With the current advance in genetic diagnosis, causing a quickly expanding list of rare NDDs and the upcoming possibility to treat these disorders with different forms of gene therapy, such as antisense oligonucleotides, the need to understand the optimal timing for treatment becomes increasingly important. CAMK2-related disorder is one of these recently discovered disorders, and our aim in this study was to understand whether a developmental critical time window exists for CAMK2A to be expressed for normal brain development and function. For this purpose, we generated an inducible CAMK2A knockout model, where we could restore CAMK2A expression in adulthood and assessed the behavior. Together, our results imply that loss of CAMK2A during development does not cause irretrievable distortion to neural circuits in the brain, as we fully rescue the behavioral and electrophysiological phenotypes assessed here.

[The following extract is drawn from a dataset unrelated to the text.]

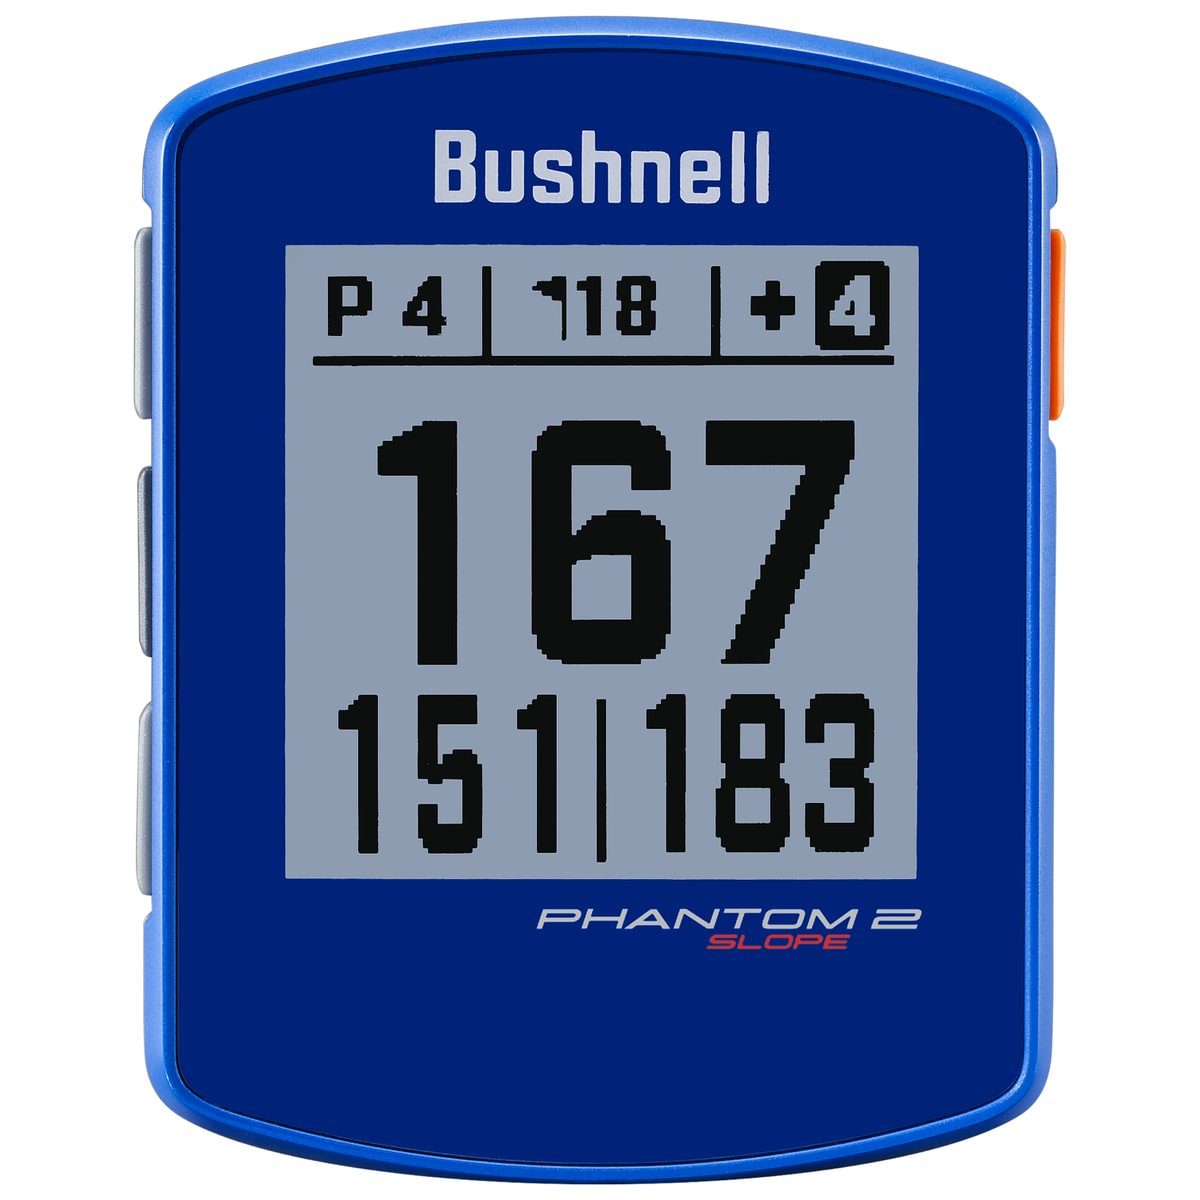 Bushnell Phantom 2 Slope Golf GPS

To our knowledge, this is the only NDD mouse model described in literature, where all phenotypes can be fully normalized upon adult gene reinstatement. In a subset of the NDD mouse models, adult gene reinstatement rescues some but not all behavioral deficits (e.g. upon reinstatement of Shank3 (Mei et al., 2016)), rescues observed phenotypes partially (e.g. upon reinstatement of Mecp2 or Grin1 (Lang et al., 2014; Mielnik et al., 2020)), or only rescues the behavioral deficits if reinstated at a juvenile age (e.g. upon reinstatement of Ube3a or Syngap1 (Aceti et al., 2015; Silva-Santos et al., 2015)). The reverse is also true, as only adult deletion of Camk2a completely phenocopies the deficits observed in germline knockout mice (Achterberg et al., 2014), whereas adult deletion in other NDD models do either not or only partially copy the observed behavioral abnormalities (e.g. upon Syngap1, Mecp2, or Ube3a deletion; Gemelli et al., 2006; Ozkan et al., 2014; Sonzogni et al., 2019), or only show the phenotypes upon juvenile deletion (e.g. upon Ube3a deletion; Sonzogni et al., 2019), proving a critical window for protein expression of this gene.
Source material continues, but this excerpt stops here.